Pour cela, nous allons continuer à innover et à nous développer dans l’alimentation humide, le contrôle vétérinaire et la diététique. Nous réfléchissons d’ailleurs à investir dans un site de production supplémentaire et avons actuellement des pistes en Europe et à l’étranger. Si nous avions envisagé un nouveau site en France, nous sommes dorénavant davantage tournés vers l’ouverture d’un site à l’étranger au regard du contexte actuel et des incertitudes politiques qui pèsent sur la France.

Vous renforcez particulièrement l’international avec l’ouverture de trois nouvelles filiales ?

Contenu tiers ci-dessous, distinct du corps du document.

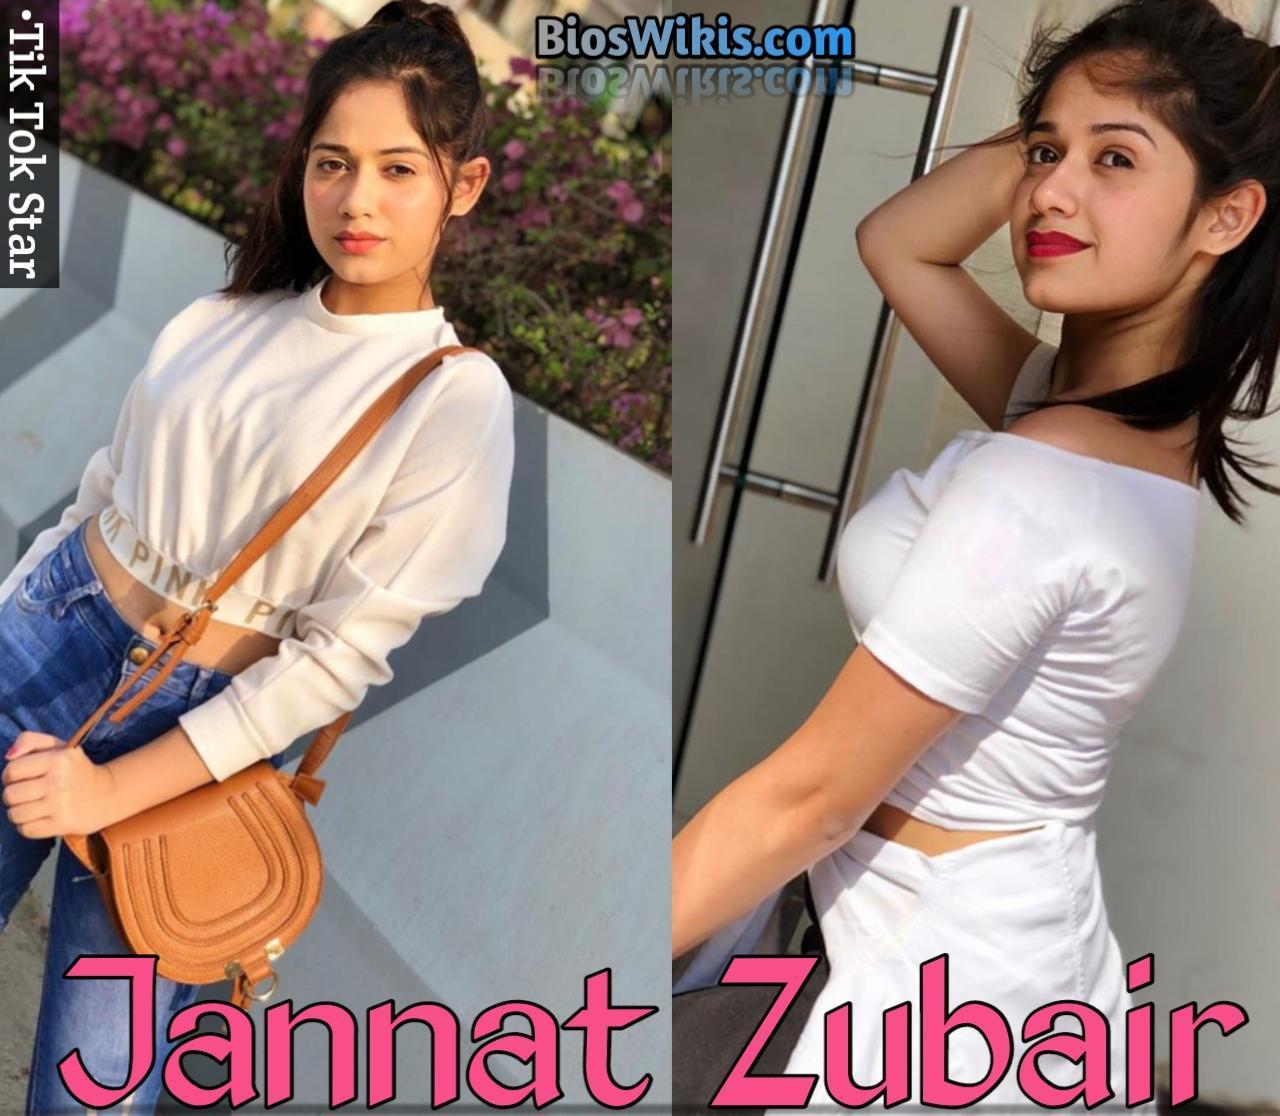 Jannat Zubair Rahmani images

Le luxe et la cuisine à la française sont particulièrement bien perçus à l’international. Notre ambition est de renforcer nos positions en Europe, tout en consolidant notre présence sur des marchés porteurs tels que la Grande-Bretagne, les États-Unis, le Canada et le Mexique. Le moment est opportun pour se développer en Amérique du Nord, nos produits se distinguant par leur caractère innovant. Nous avons ouvert une filiale au Canada il y a un an et prévoyons d’en implanter deux autres, en Grande-Bretagne et au Mexique. Le choix du Canada s’est imposé en raison de sa simplicité d’accès par rapport aux États-Unis. Quant à la Grande-Bretagne, elle est devenue incontournable depuis le Brexit : pour exporter de façon fiable et sans aléas administratifs, il est préférable d’être implanté localement. Le Mexique, de son côté, nous a sollicités pour que nous exportions nos produits sur son marché.

"Les Américains ne travaillent pas à l’importation : ils attendent que les produits soient directement disponibles sur leur territoire"

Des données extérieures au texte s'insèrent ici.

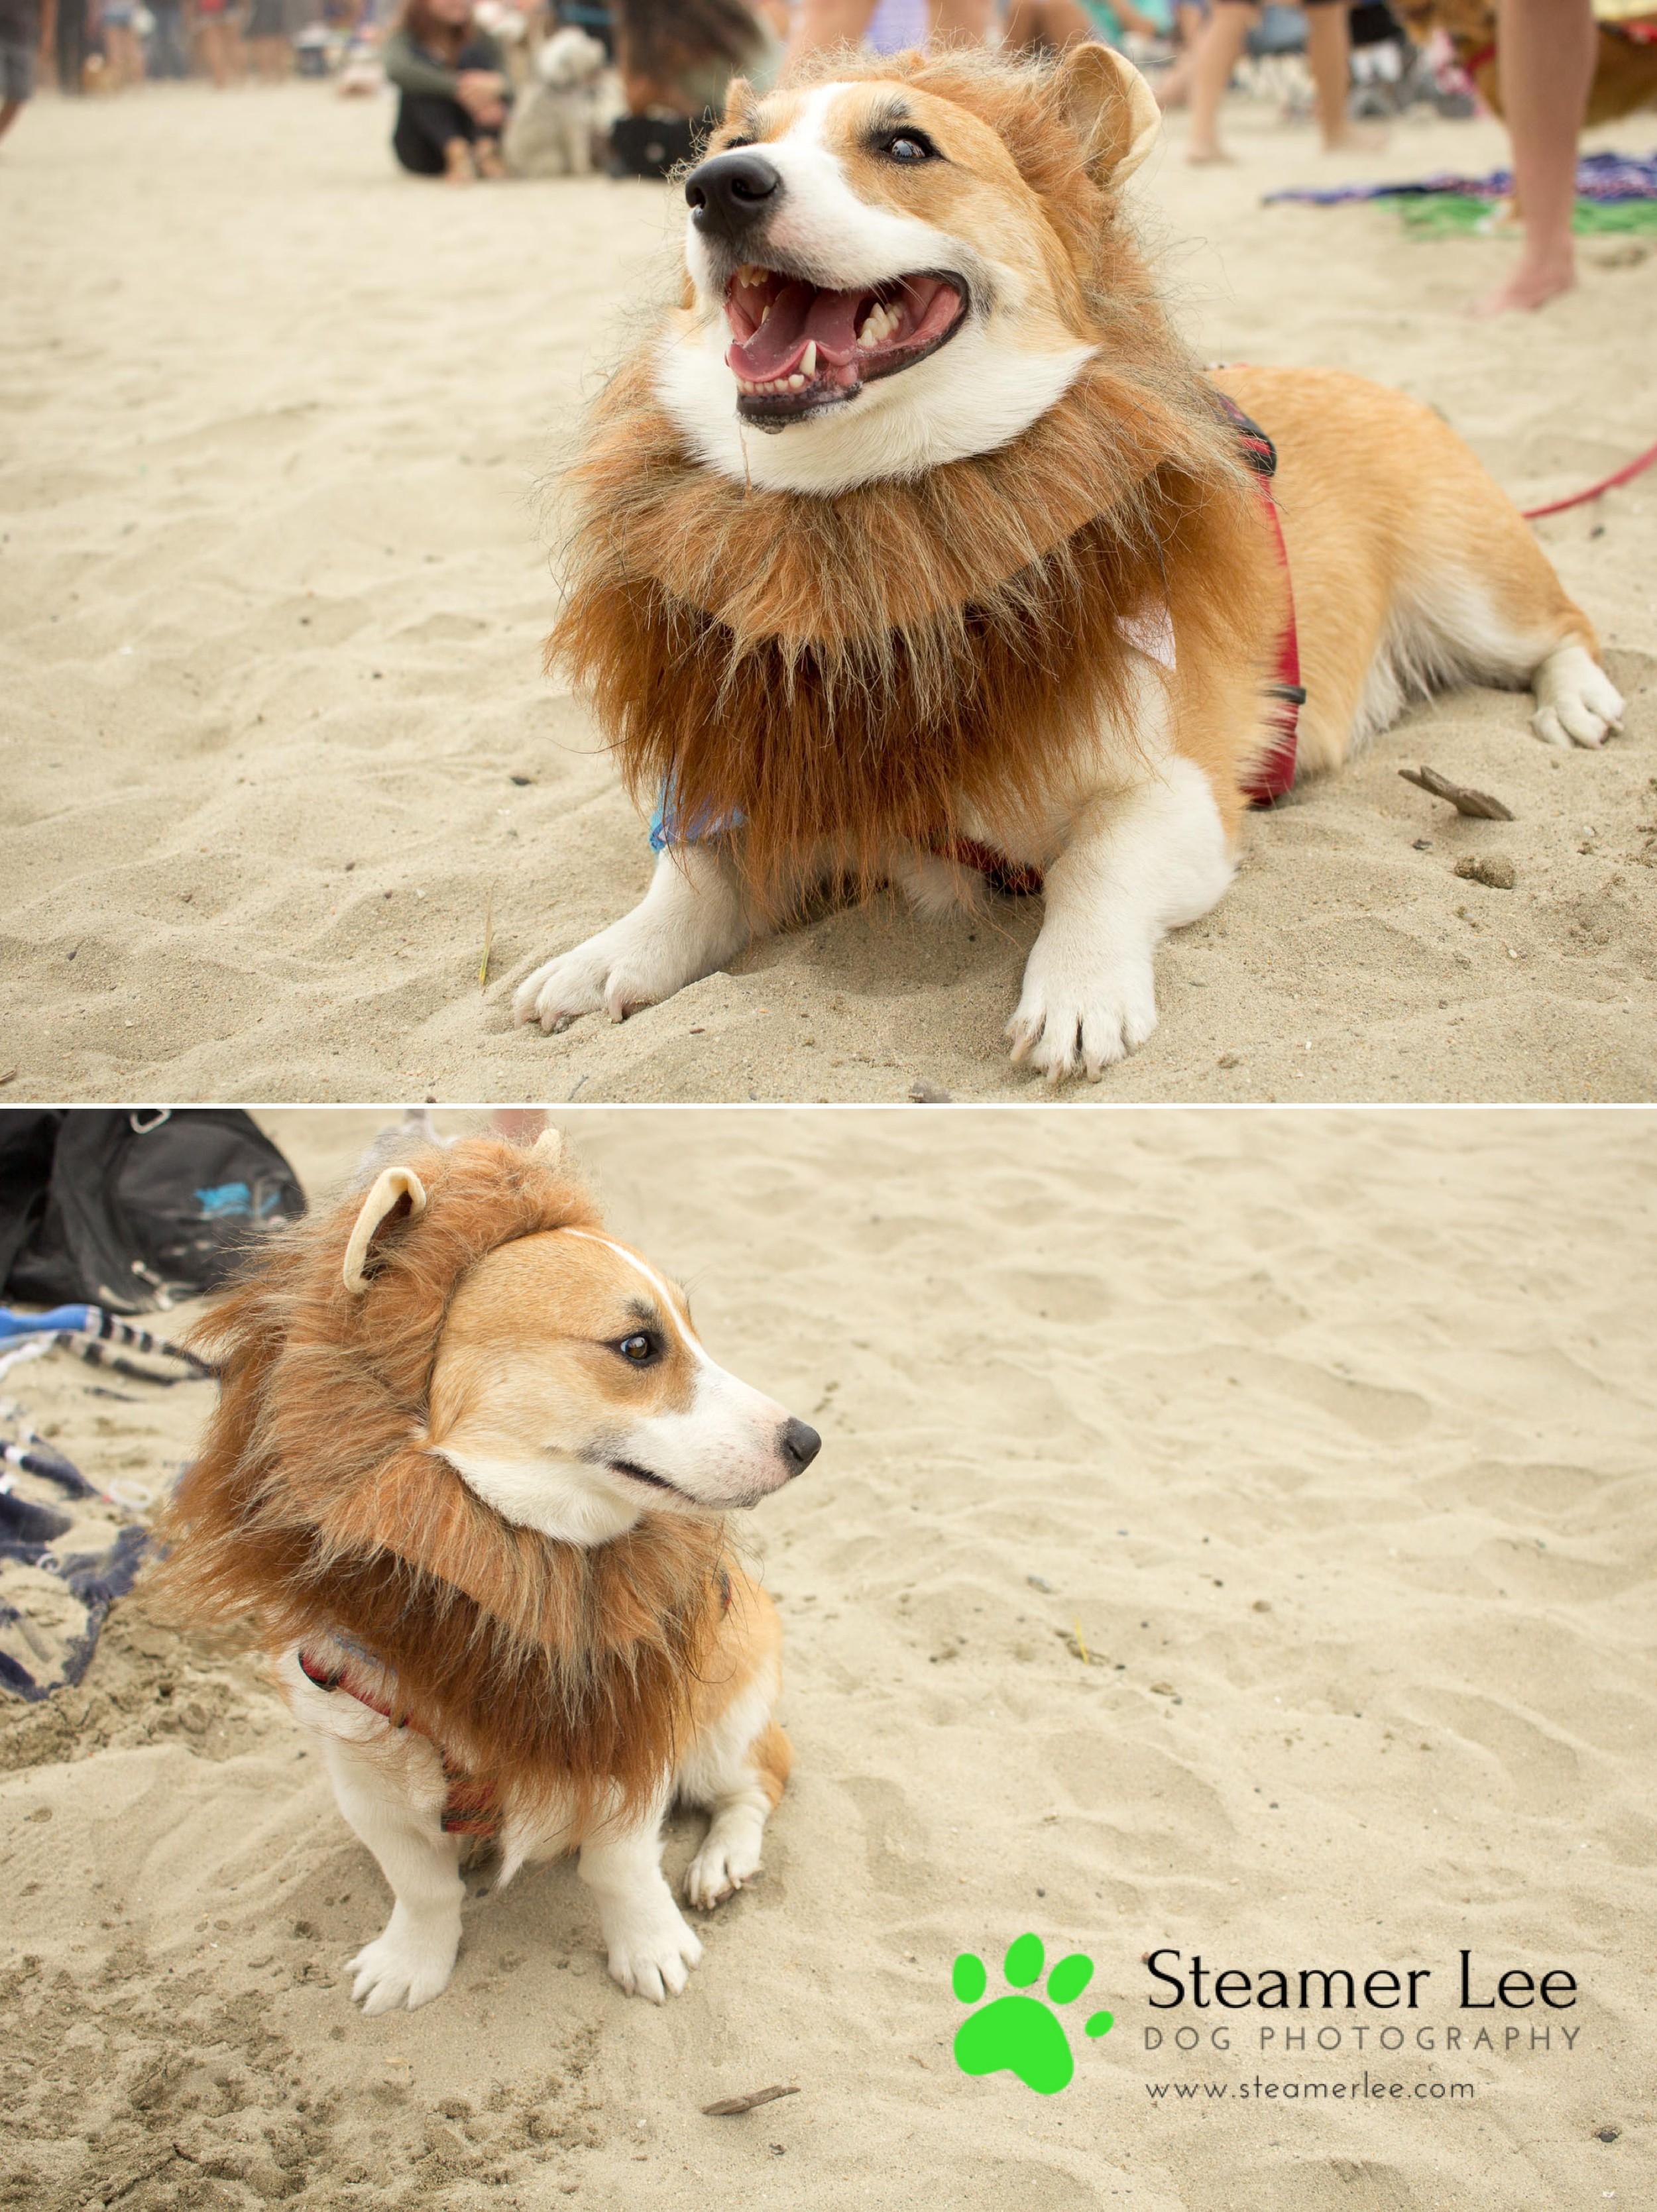 Steamer Lee Dog Photography - July 2017 So Cal Corgi Beach Day - Vol.2 - 17.jpg

Nous sommes par ailleurs en cours de finalisation de l’agrément nécessaire pour commercialiser nos produits aux États-Unis, où nous prévoyons également d’ouvrir une filiale. Car les Américains ne travaillent pas à l’importation : ils attendent que les produits soient directement disponibles sur leur territoire. Ces ouvertures ont aussi pour objectif de réduire notre dépendance aux importateurs, dont les exigences entraînent des coûts d’emballage élevés. Avoir des filiales à l’étranger nous permet de mieux maîtriser nos exportations et d’entretenir un contact direct avec nos clients. Jusqu’à présent basés en France, nos commerciaux seront désormais présents sur place pour traiter directement ces marchés et ces clients à haut potentiel.

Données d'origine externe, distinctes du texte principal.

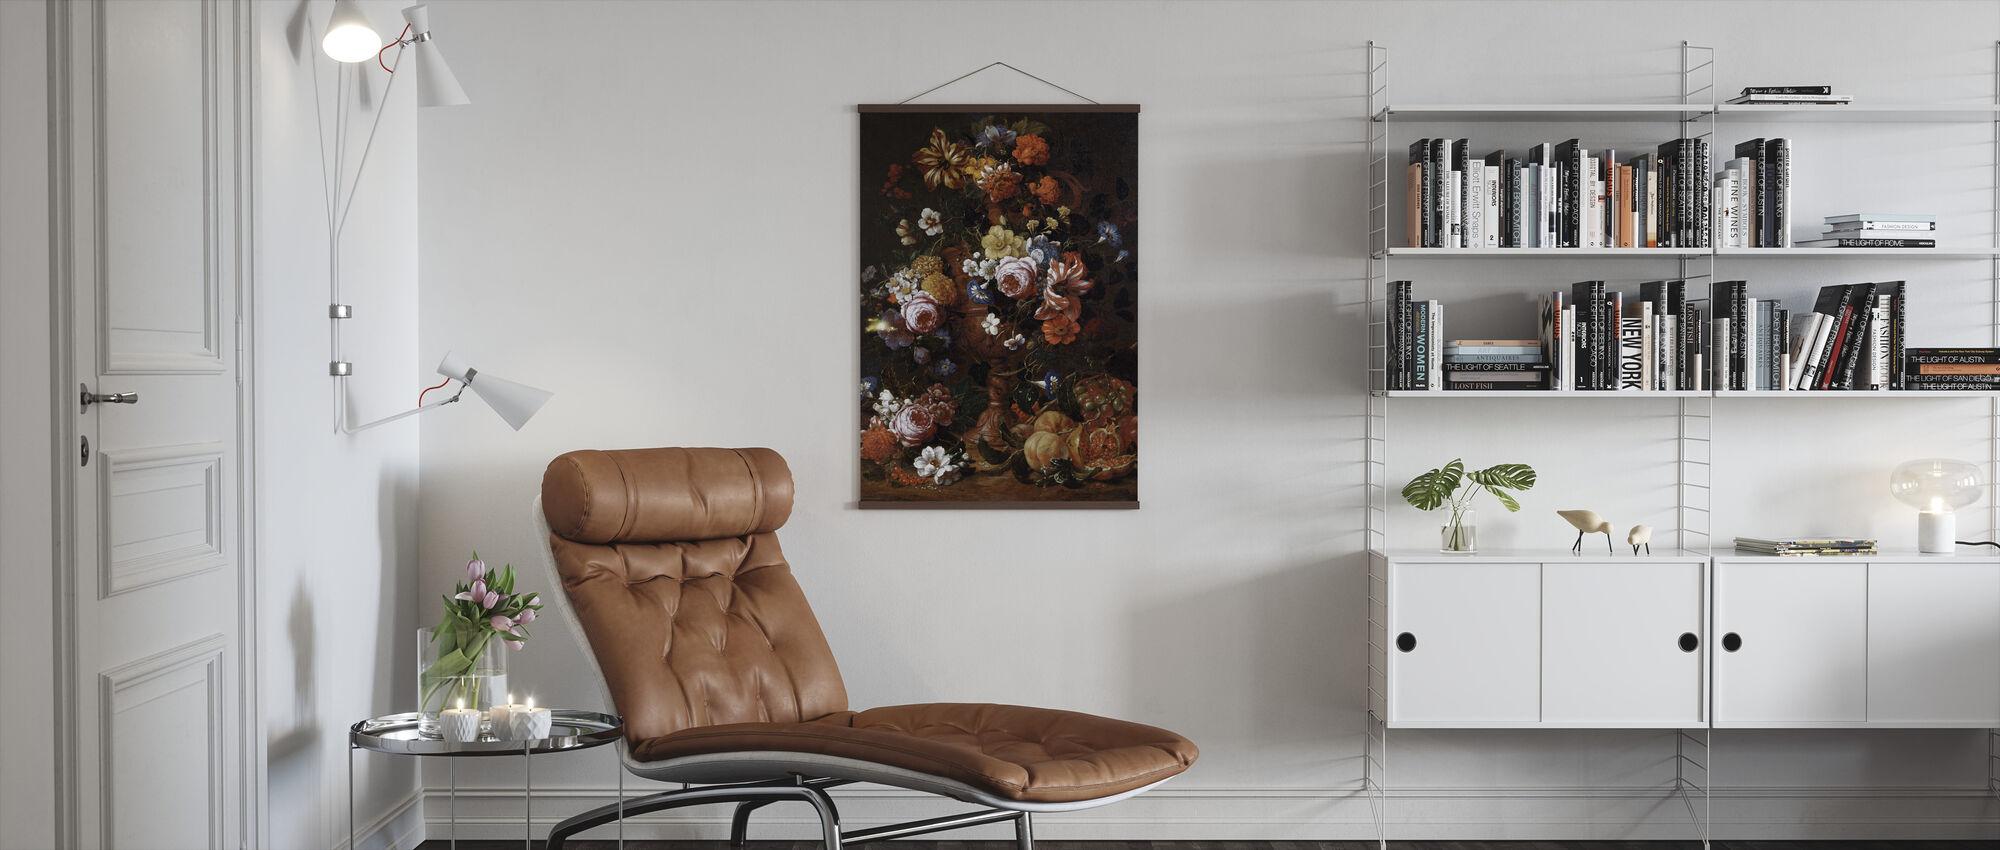 Urn van Bloemen - Nicolas van Veerendael - Poster - Woonkamer

Vous innovez régulièrement et avez notamment investi en 2024 dans une nouvelle ligne de production en briques ?

Si nous ne souhaitons pas nous diversifier dans les croquettes sèches, nous allons continuer à innover dans les produits humides. Jusqu’à maintenant, nous ne travaillions que sur des produits complets, mais souhaitons dorénavant proposer des produits complémentaires comme des sauces ou des morceaux, des produits de snacking et de topping. Notre service R & D, qui compte huit collaborateurs, travaille sur différentes solutions de produits. En septembre 2024, nous avons par exemple lancé la ligne "briques". Cela nous permet d’aller chercher des contenants plus gros, notamment pour les chiens. Ce conditionnement en carton multicouche s’impose comme un concurrent direct des boîtes de conserve, dont le marché est en déclin. Sorte de conserve moderne, elle présente plusieurs atouts : elle est recyclable et optimisée d’un point de vue logistique et donc particulièrement adaptée au e-commerce et aux cartons. C’est enfin un support anthropomorphique, autrement dit un produit qui se rapproche davantage des habitudes de consommation humaines.